Keith Wilson

Personal information
- Full name: Arthur Keith Wilson
- Born: 26 August 1894 Brighton, Sussex, England
- Died: 8 November 1977 (aged 83) Brighton, Sussex, England
- Batting: Right-handed
- Bowling: Leg break

Domestic team information
- 1914–1934: Sussex

Career statistics
| Competition | First-class |
| Matches | 17 |
| Runs scored | 546 |
| Batting average | 19.50 |
| 100s/50s | 1/3 |
| Top score | 134 |
| Balls bowled | 222 |
| Wickets | 3 |
| Bowling average | 73.66 |
| 5 wickets in innings | – |
| 10 wickets in match | – |
| Best bowling | 2/39 |
| Catches/stumpings | 4/– |
- Source: Cricinfo, 18 May 2013

= Keith Wilson (cricketer) =

English cricketer (1894–1977)

Arthur Keith Wilson (26 August 1894 – 8 November 1977) was an English cricketer. Wilson was a right-handed batsman who bowled leg break. He was born at Brighton, Sussex.

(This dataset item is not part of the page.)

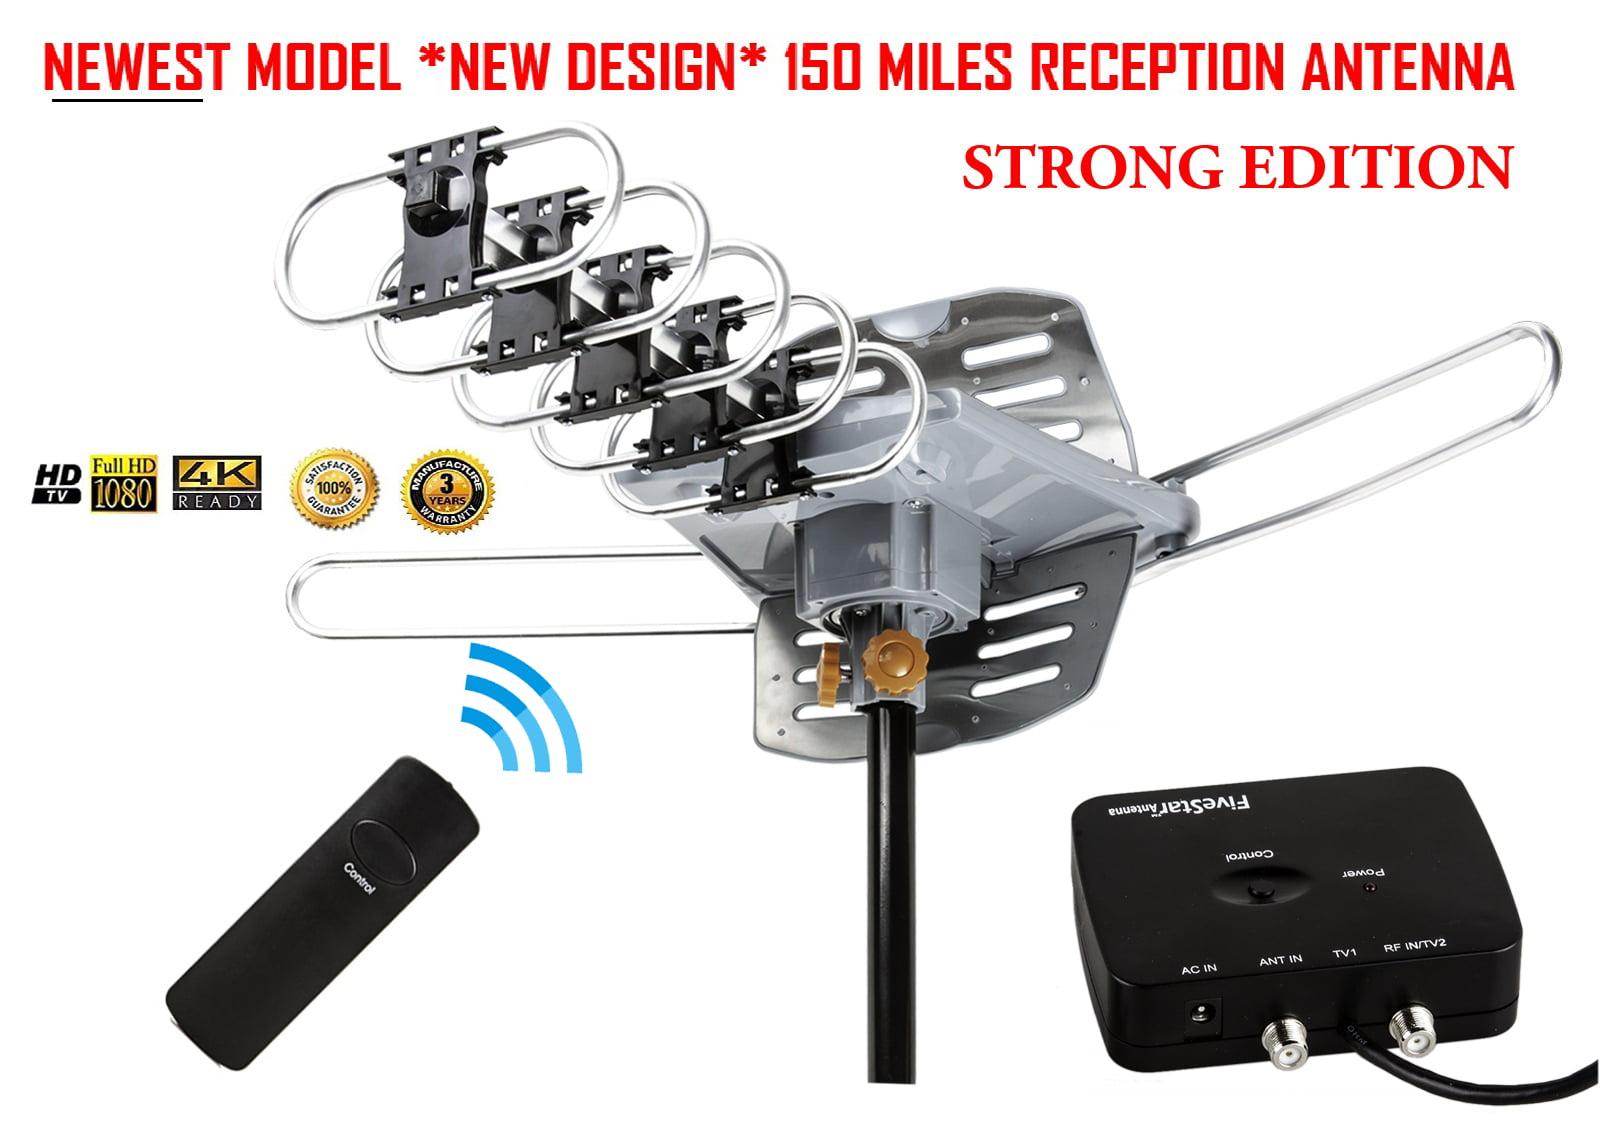 150 Mile Wild Range Outdoor TV Antenna Up to 150 Miles ...

Wilson was educated at Brighton College, where he played cricket for the college team in 1911. His first-class debut for Sussex came against Northamptonshire in the 1914 County Championship, with him scoring an unbeaten 78 on debut. He made a further appearance in that season's County Championship against Gloucestershire, before the season was curtailed by the start of the First World War. Following the conclusion of the war, Wilson returned to playing first-class cricket for Sussex in the 1919 County Championship, making seven appearances in that season, with the season including his only first-class century with a score of 134 against Northamptonshire. He played twice for Sussex in the 1920 County Championship against Warwickshire and Middlesex, as well as playing a first-class match for the Gentlemen of the South against the Players of the South. His next first-class appearances for Sussex came in two university matches in 1923 against Oxford University and Cambridge University, before making two further appearances for the county in the 1925 County Championship against Hampshire and Somerset. Following a nine-year absence from first-class cricket, Wilson played one final first-class match for Sussex in the 1934 County Championship against Kent, scoring 69 in his final match.

Described in his Wisden obituary as a "good bat and an especially skilful cutter", Wilson scored 546 runs at an average of 19.50, with three half centuries and a single aforementioned century. Additionally described in Wisden as having taken "hundreds of wickets in minor cricket with slow flighted leg-breaks", Wilson was less successful in first-class cricket, bowling 37 overs and taking two wickets for Sussex and one for the Gentlemen of the South, at an overall bowling average of 73.66. For a time Wilson was later the Chairman of Sussex County Cricket Club, while during World War II he was credited with keeping cricket going at the County Ground. He died at the town of his birth on 8 November 1977.